Single by Pink

from the album Beautiful Trauma
- Released: August 2, 2018
- Studio: MXM Studios (Los Angeles, California); MXM Studios (Stockholm, Sweden); Wolf Cousins Studios (Stockholm, Sweden);
- Length: 3:30
- Label: RCA
- Songwriters: Alecia Moore; Max Martin; Shellback; Oscar Holter;
- Producers: Max Martin; Shellback; Oscar Holter;

Pink singles chronology
| "Whatever You Want" (2018) | "Secrets" (2018) | "A Million Dreams" (2018) |

Music video
- "Secrets" on YouTube

= Secrets (Pink song) =

"Secrets" is a song recorded by American singer Pink from her seventh studio album Beautiful Trauma. Pink co-wrote the song with its producers, Max Martin, Shellback, and Oscar Holter.

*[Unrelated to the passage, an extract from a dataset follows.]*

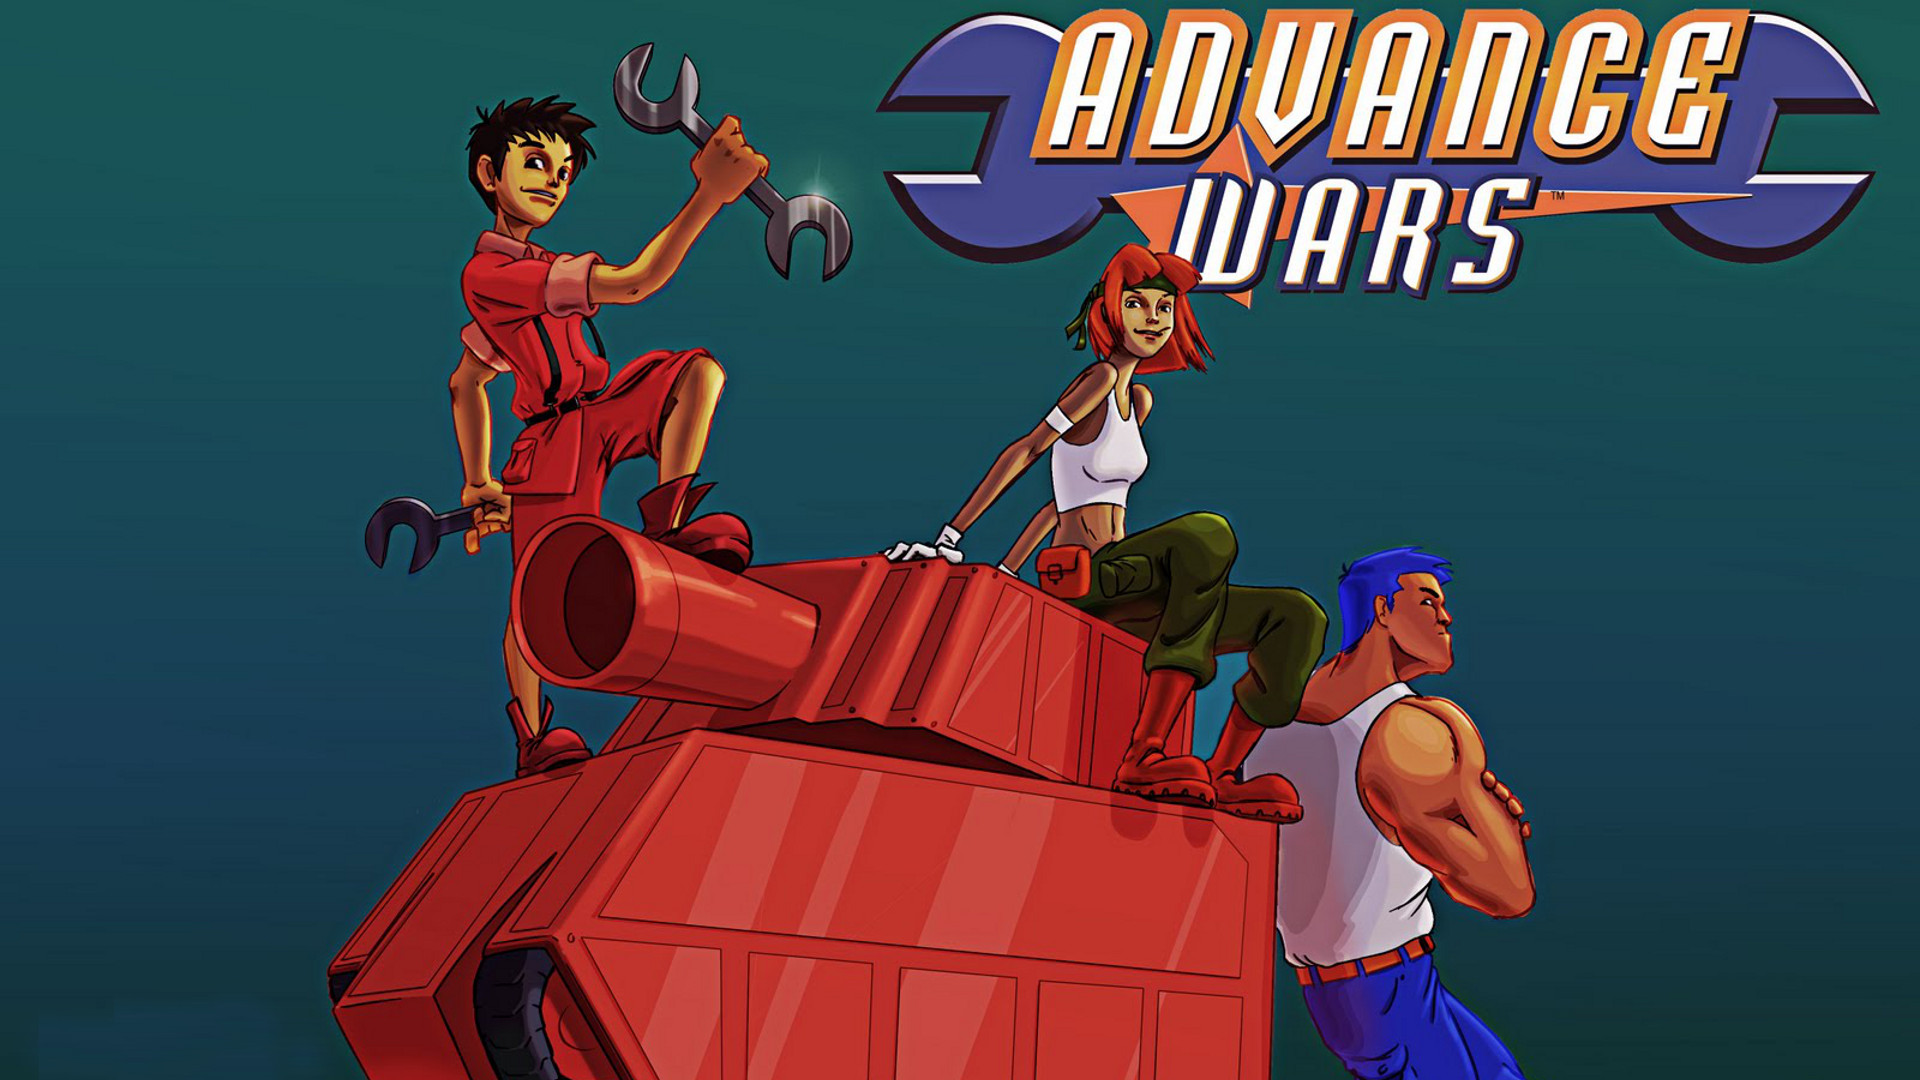 advance wars by web animation

The song was released to hot adult contemporary radio on August 2, 2018, as the fourth and final single from the album.

==Music video==
The official music video for the song was released on July 24, 2018. It features P!nk and the backup dancers from the Beautiful Trauma World Tour going out at night. It was filmed after one of P!nk's shows in Perth, Australia, at the RAC Arena.

==Critical reception==
Andrew Unterberger of Billboard stated that “Secrets even has a touch of deep house to it. But it is unmistakably heavy”

==Track listing==
Remixes EP
1. "Secrets" (Syn Cole Remix) – 3:10
2. "Secrets" (Until Dawn Remix) – 3:33
3. "Secrets" (Rescue Rangerz Remix) – 3:26
4. "Secrets" (DJ Suri and Chris Daniel Remix) – 3:46

==Charts==

| Chart (2018–19) | Peak position |
|---|---|
| Belgium (Ultratip Bubbling Under Flanders) | 29 |
| Belgium (Ultratip Bubbling Under Wallonia) | 18 |
| Croatia (HRT) | 63 |
| Finland Airplay (Radiosoittolista) | 28 |
| France Downloads (SNEP) | 118 |
| Hungary (Rádiós Top 40) | 5 |
| Hungary (Single Top 40) | 37 |
| Netherlands (Tipparade) | 15 |
| New Zealand Hot Singles (RMNZ) | 13 |
| Poland Airplay (ZPAV) | 41 |
| Romania (Airplay 100) | 88 |
| Slovakia Airplay (ČNS IFPI) | 25 |
| US Dance Club Songs (Billboard) | 1 |

=== Year-end charts ===

| Chart (2019) | Position |
|---|---|
| US Dance Club Songs (Billboard) | 14 |

==Certifications==

Certifications for "Secrets"
| Region | Certification | Certified units/sales |
| Australia (ARIA) | Gold | 35,000^{‡} |
| New Zealand (RMNZ) | Gold | 15,000^{‡} |
^{‡} Sales+streaming figures based on certification alone.